Before we get started, I’d like to remind everyone of some house rules.

 

- No food or drink is allowed in the auditorium

- If you must leave the auditorium during the performance; please do so in-between items

- If you have young children, please sit towards the aisle. Kindly leave the auditorium if they get restless and start crying so that it is not disturbing to the rest of the audience members. Kindly do not let the children roam around the theater unattended.

- Kindly maintain silence and talk softly when the show is in progress. If you talk loudly, it distrubs the artistes on stage.

 

We ask our audience to turn off their phones so they can stay present with their experience of the art that will be shared. It is touching that some may feel inspired to take their own photos and videos to share on social media. Instead, we invite you to write and speak about your experience after the performance. You are also encouraged to share official photos and videos from our social media accounts.

 

In our digital world, it is truly special that you took the time out of your life to appreciate live art. Please prepare to immerse yourself in this experience by turning your phones off now. Please do not take any photos or videos from this point forward. Thank you for your kind understanding!

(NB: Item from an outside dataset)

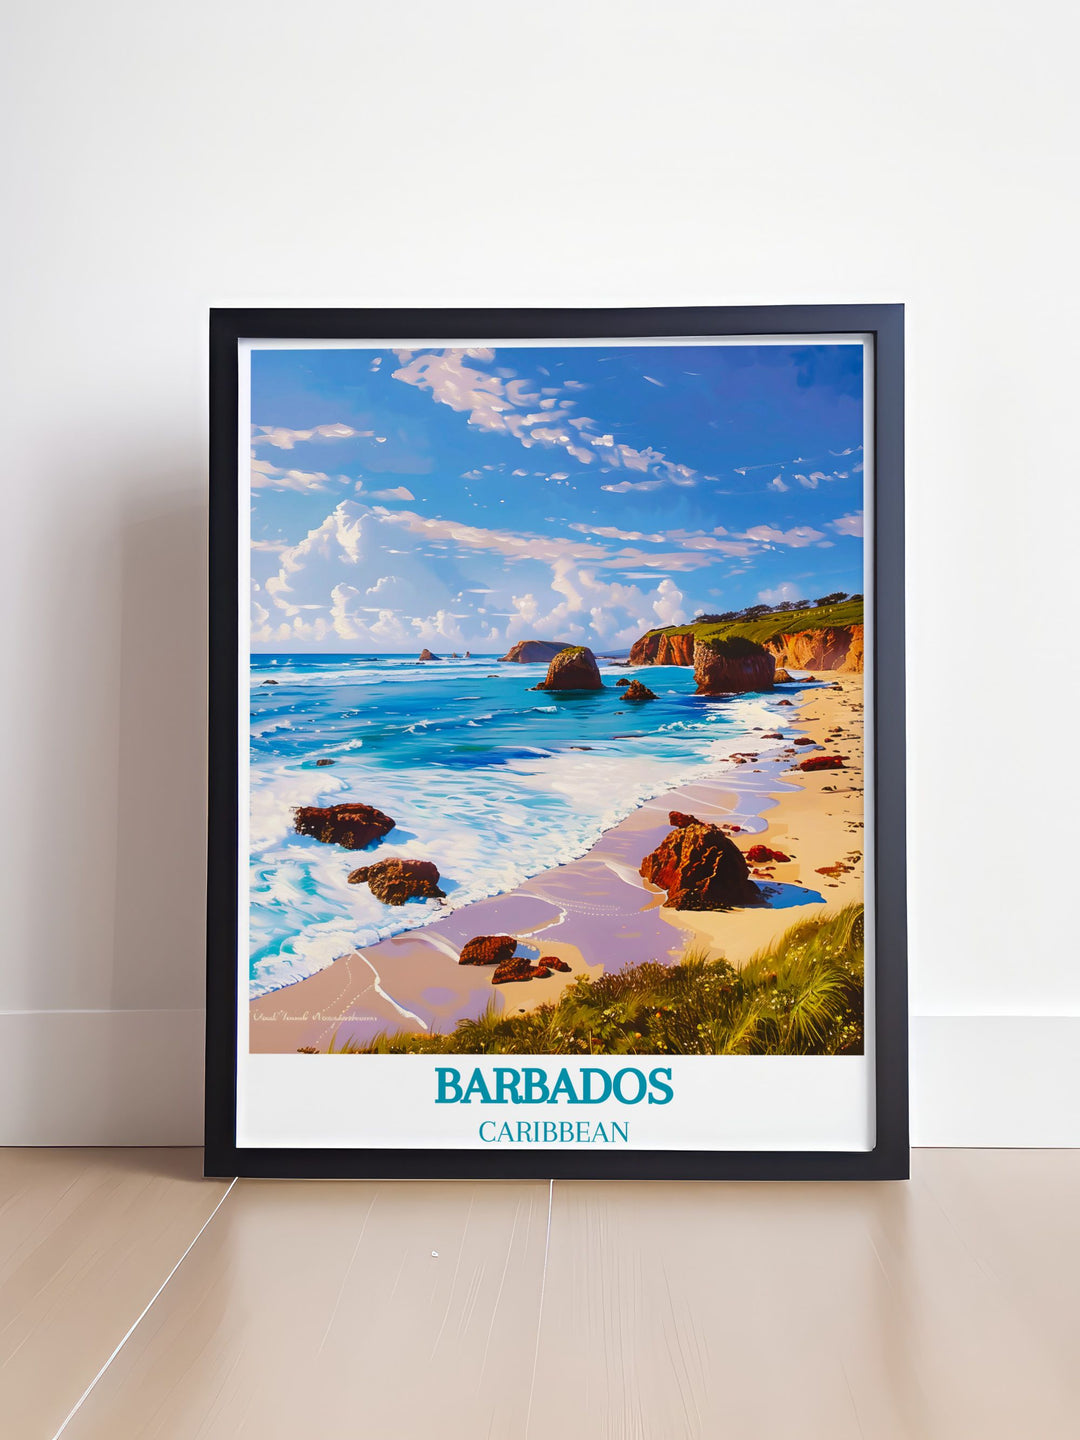 Caribbean canvas art featuring a vibrant scene of tropical beaches and clear blue waters, ideal for bringing the warmth and charm of the islands into your home.

Ramyais a disciple of Guru Smt. Subhashini Vijay Santhanam of the From Within Dance Academy a global dance organization with centers in the US and India. This evening of dance signifies both a beginning and a culmination of sorts for the dancer which include the endless hours of rigorous practice, varied emotions and complete immersion. All of which was done in the pursuit of excellence for this moment when she finally gets on stage – “Arangetram”. In Tamil (one of the south Indian languages) Aranga means a raised stage and “etram” means “to ascend”.
 
All items unless otherwise mentioned have been choreographed by our beloved Guru Subhashini.
 
For all the items we present today, as long as we are able identify clearly, we will mention the time period of the composition or composer life period so that we get an idea into the history and context of when the poem was written and music set. It is hoped that this will give the audience a deeper insight into the relevance of the oral tradition being passed on thru generations and the relevance of the composition in current times. While several old pieces have deep, timeless, philosophical and spiritual significance and several new pieces share values of a new social context with a unique appealing freshness.
 
We hope that the erudite and sensitive audience present today is able to appreciate it all thru our presentation today.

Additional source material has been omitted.